Infelizmente! Também sou usuário Slackware e LFS (que não é uma distro, mas sim um modo de vida ;-), porém tive de respeitar a lista do DistroWatch, e apresentar em ordem alfabética as nove distros mais usadas de acordo com o próprio site deles...

Mas não se preocupe, pois além desta enquete permitir múltiplas escolhas, ainda tem os comentários para o pessoal se manifestar. Quem sabe não apresentamos um quadro totalmente diferente do DistroWatch aqui no Under-Linux? :-D

----------


## lucianogf

acho que deveria ter um critério para escolha, prefiro debian para usar em servidores mas kubuntu para desktop.

----------


## edmarmega

Uso servidores Debian Lenny, e roteadores Mikrotik ( que tambem é um linux otimizado), e infelismente ainda continuo, a Me...rd...aaa..aa do Rwindows da silva em desktop devido a alguns programas que utilizo e no linux nao roda, nem com wine, mas é isso ai, seja livre seja Linux, amo under-linux e vivaolinux, nao sei o que seria de mim sem vcs.

----------


## lucianogf

para informação, mikrotik não é distribuição linux, é um Router OS.

----------


## pedrovigia

Para mim é Debian mais foi linux para mim esta bom e Luciano segundo a wikipedia: *Uma Distribuição Linux (ou simplesmente distro) é composta do núcleo Linux e um conjunto variável de software* então o mikrotik é uma distro linux sim feita para uma função especifica que é roteamento de redes ...

----------


## juniorphy

Debian em Servidores - Ubuntu em Desktop"s !!!

----------


## Gbytes

Debian com certeza, simplesmente a melhor distro para servidores. E ubuntu para desktop.

----------


## alextaws

sinceramente, eu prefiro o slackware, apesar de não esta na enquete, mas depois vem ubuntu, em seguida o debian, as outras não tive oportunidade de testa-la.

----------


## Duca

Uso Gentoo (Amd64) tanto em casa como no trabalho. Por isso tive que votar em outra distribuição.
E no trabalho os servidores são Debian, SUSE e Fedora.
Adoro o Gentoo, o fato de ser um distro "voltada" para desempenho me agrada muito. Todo dia aprendo algo novo e complicado de fazer , hehe.

----------


## lucianogf

> Uso Gentoo... Todo dia aprendo algo novo e complicado de fazer , hehe.

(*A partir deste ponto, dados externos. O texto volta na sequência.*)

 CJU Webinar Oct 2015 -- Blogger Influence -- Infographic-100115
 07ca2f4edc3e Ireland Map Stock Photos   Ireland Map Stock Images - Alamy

Essa realmente não parece ser para 'usuários' hehehehe

----------


## netosdr

Aqui já usei de várias, no começo usei muito RedHat por ter sido uma das primeiras a sair em CD daquelas revistas de informatica em 1990 e qualquer coisa. 

Atualmente uso CentOS e Ubuntu.

----------


## onnet

Já experimentei RedHat, usei por um tempo o kurumin da versão 4.0 até a 7 e hoje estou usando o ubuntu.

----------


## emsfalcao

Slackware em servidores e Mandriva Power Pack em Desktops

----------


## bjaraujo

Faltou CentOS aí.

----------


## Duca

> Essa realmente não parece ser para 'usuários' hehehehe


Ow, a galera do trabalho vive dizendo que eu uso o win98 do Linux, hueahaeheaue, formato todo dia, ehauehuae
Sempre testo algo de novo, testo a otimizacao ao extremo, ae eu fico degradando o sistema de tanto teste e formato o S.O.. Contudo depois de testado, instalo o S.O. e fica ainda mais legal, hehe

----------


## lucianogf

heheehhe

baixei a instalação do gentoo, qualquer hora vou instalá-lo pra ver qual é.

----------


## Não Registrado(s)

Prefiro o Slackware, sei que ele nao estar na enquete mais é uma distribuiçao que da gosto de usar, em seguida venho com SUSE, para Desktop a vacilidade de usu e os um bom repositorio de pacotes Yast...

----------


## ninjaquitite

Acredito que faltou o Slackware na lista - Quem precisa de um server, a parceria slackware e MK significa muita grana poupada em link, pois respondem muito bem em desempenho, controle, estabilidade e velocidade. Satisfação maior dos clientes.

----------


## luizheli

Eu também...

----------


## Duca

> heheehhe
> 
> baixei a instalação do gentoo, qualquer hora vou instalá-lo pra ver qual é.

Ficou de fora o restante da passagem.